What needs to be done:
Copy out the listing that follows, exact in every word, and skip the images.

BEGIN Supplied information

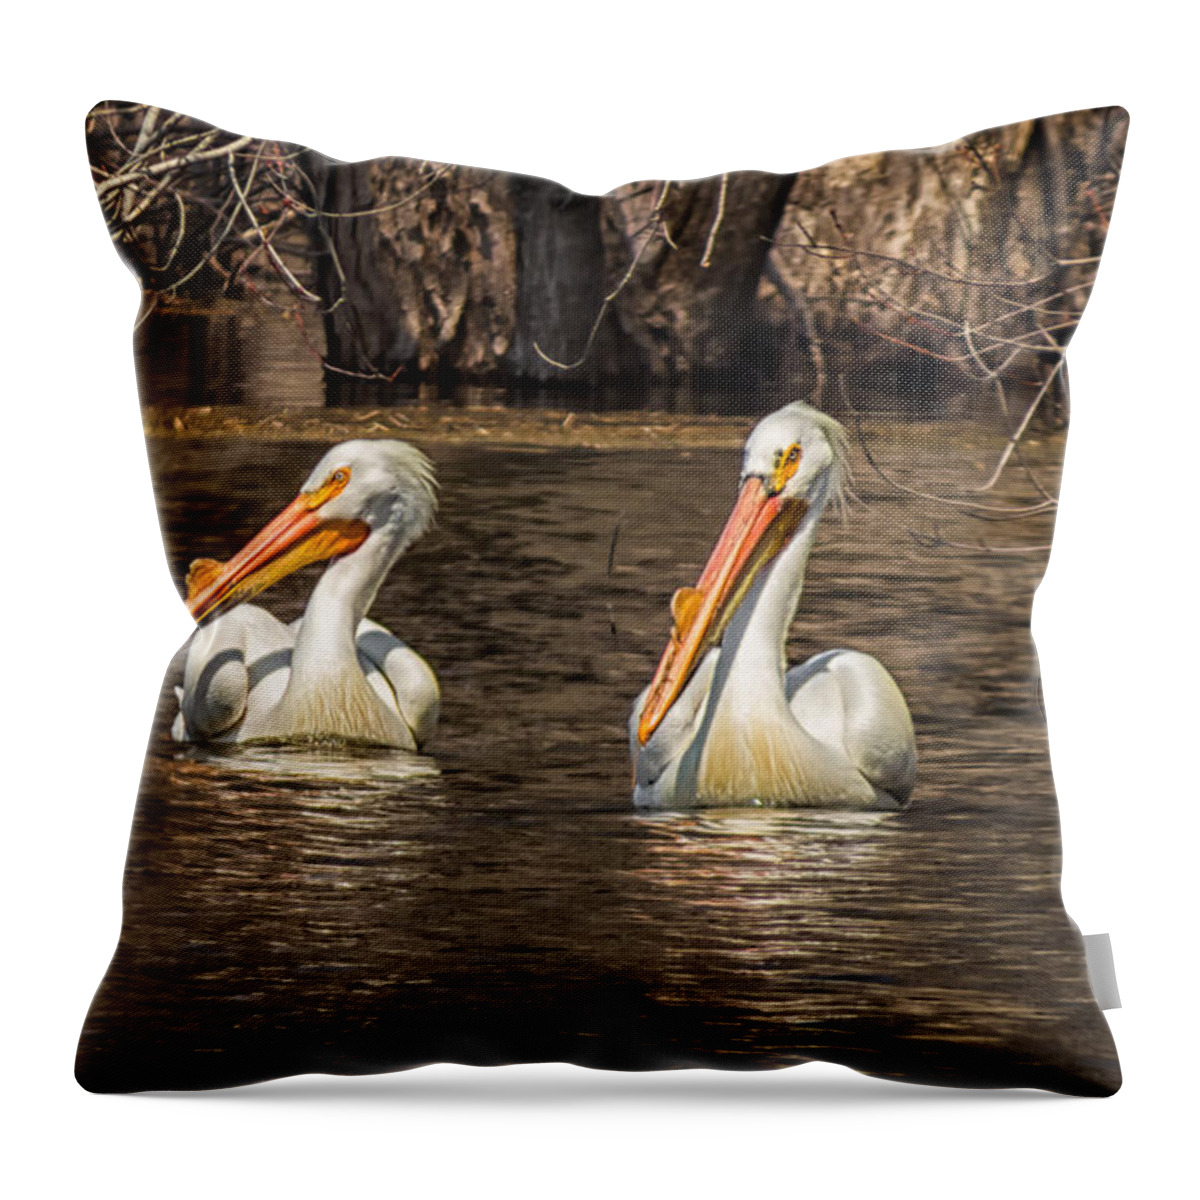 Pelican Bird River Lake Water Pond Reflection Feather Beak Bill Fish Plume Texture Color Orange Yellow Green Blue White Black Ripples Fowl Waterfowl Decorate Spring Summer Open Wall Hand Real Estate Sell Stage Staging Living Room Cabin Outdoor Wildlife Branches Brown Wet Eyes Great River Road Throw Pillow featuring the photograph Pelicans by Tom Gort
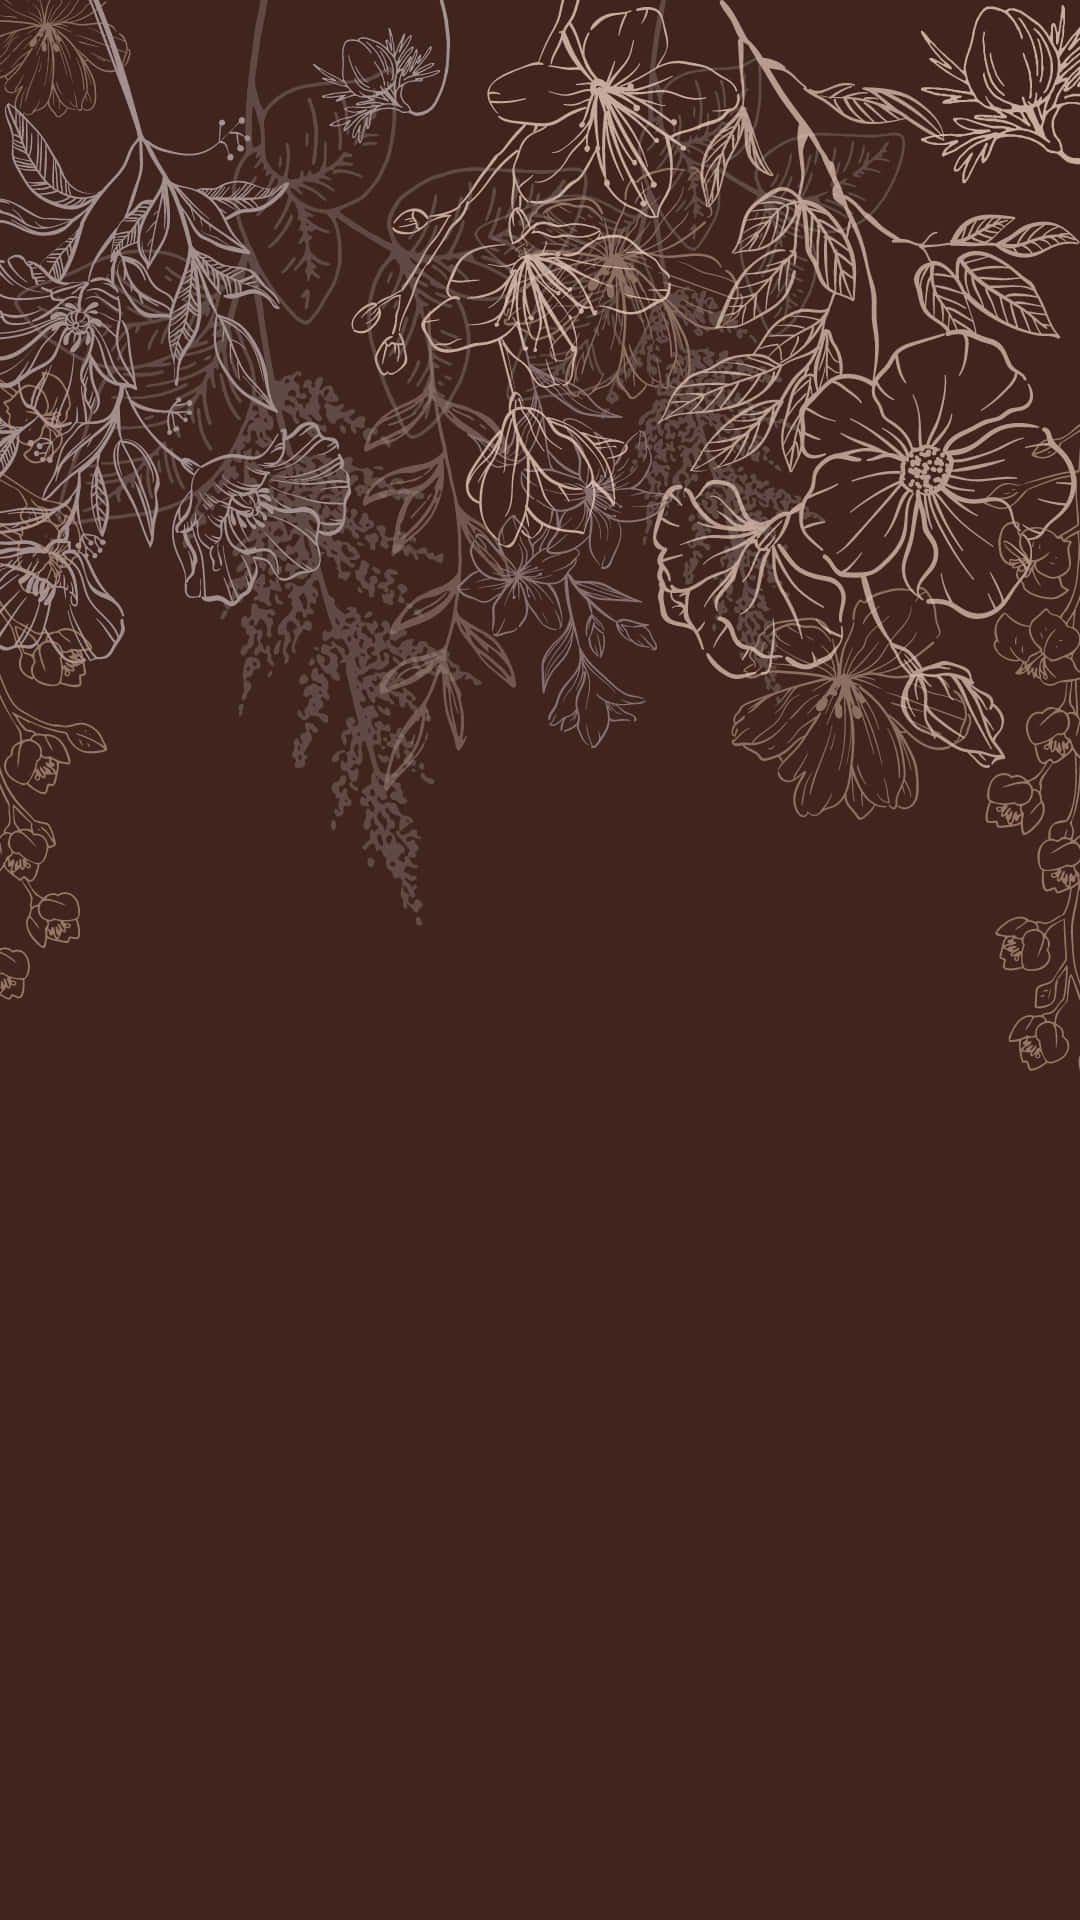 Embrace the Simplicity - Floral Minimalist Brown Aesthetic Wallpaper
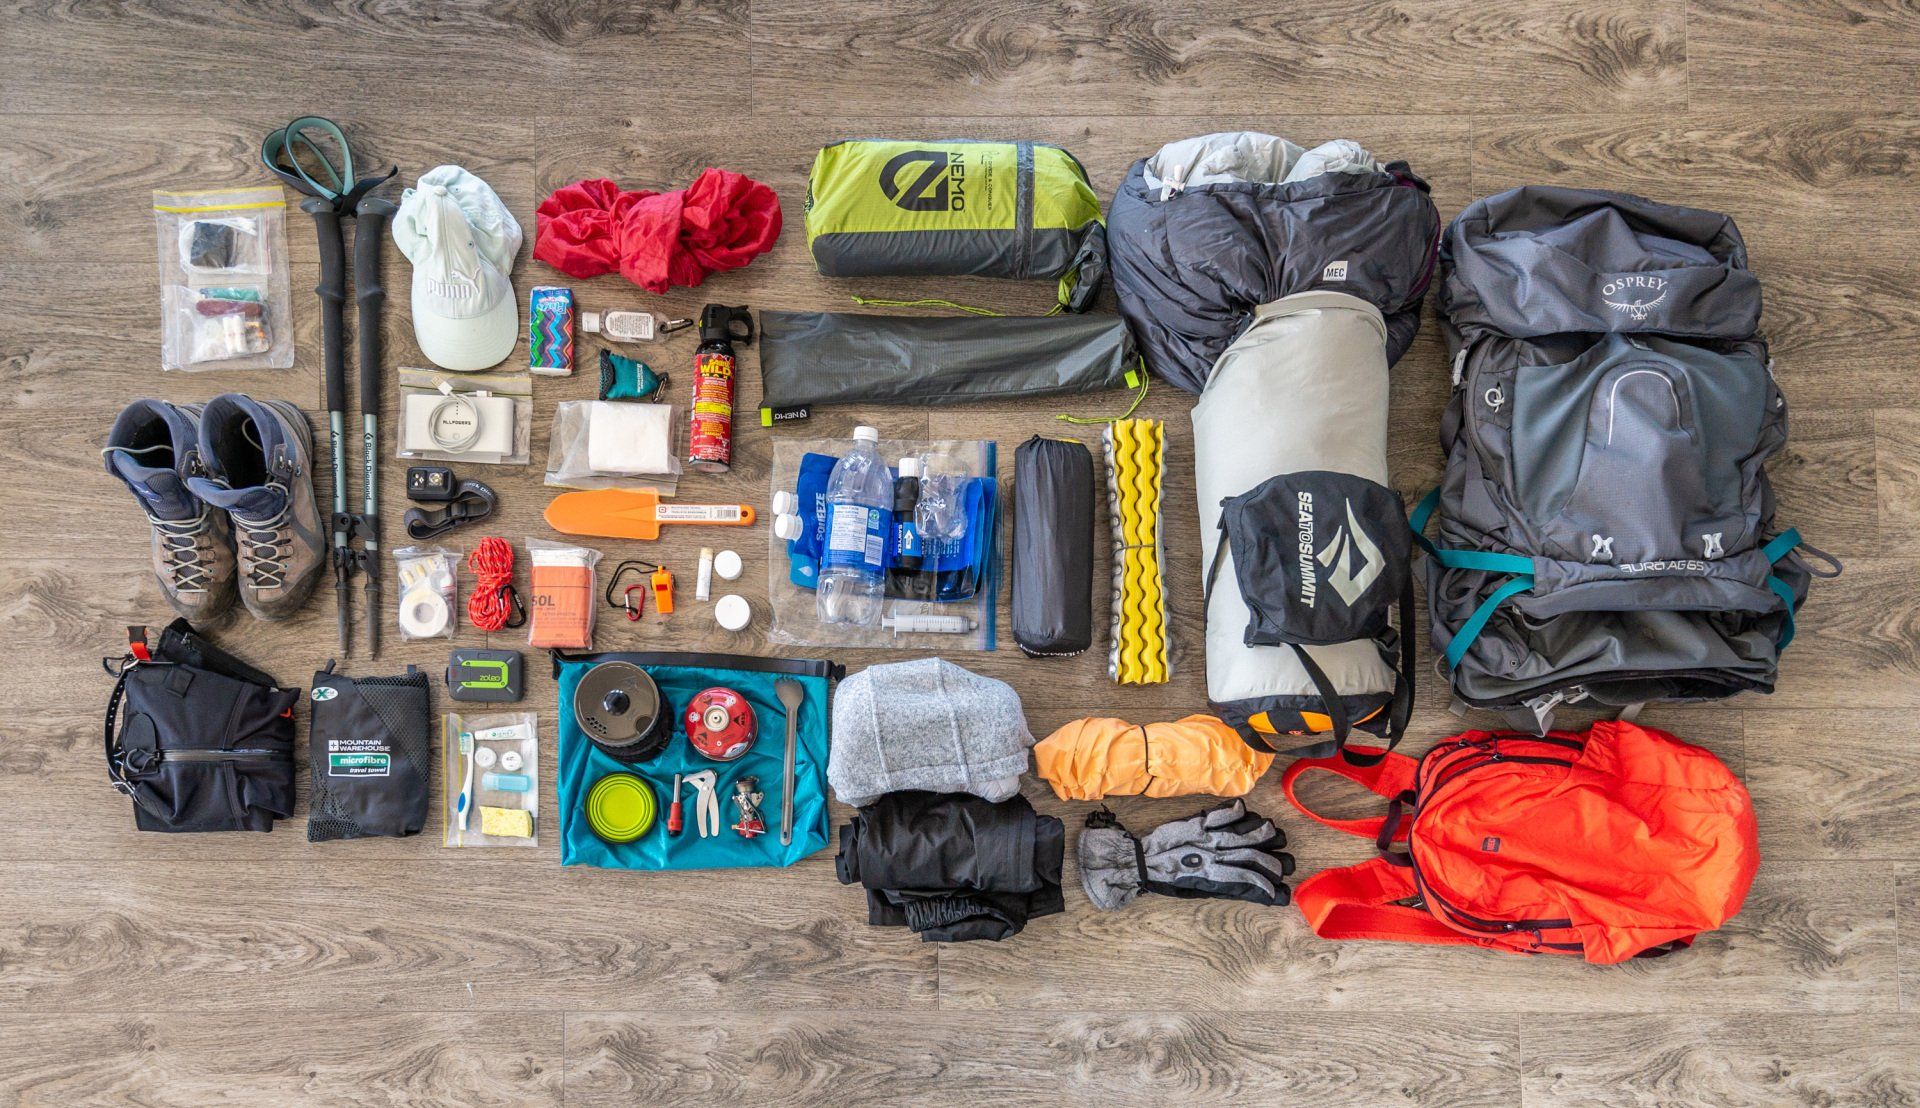 The contents of my backpacking backpack including all the gear I use for backcountry camping

END Supplied information

Task output:
 Pelican Bird River Lake Water Pond Reflection Feather Beak Bill Fish Plume Texture Color Orange Yellow Green Blue White Black Ripples Fowl Waterfowl Decorate Spring Summer Open Wall Hand Real Estate Sell Stage Staging Living Room Cabin Outdoor Wildlife Branches Brown Wet Eyes Great River Road Throw Pillow featuring the photograph Pelicans by Tom Gort
 Embrace the Simplicity - Floral Minimalist Brown Aesthetic Wallpaper
 The contents of my backpacking backpack including all the gear I use for backcountry camping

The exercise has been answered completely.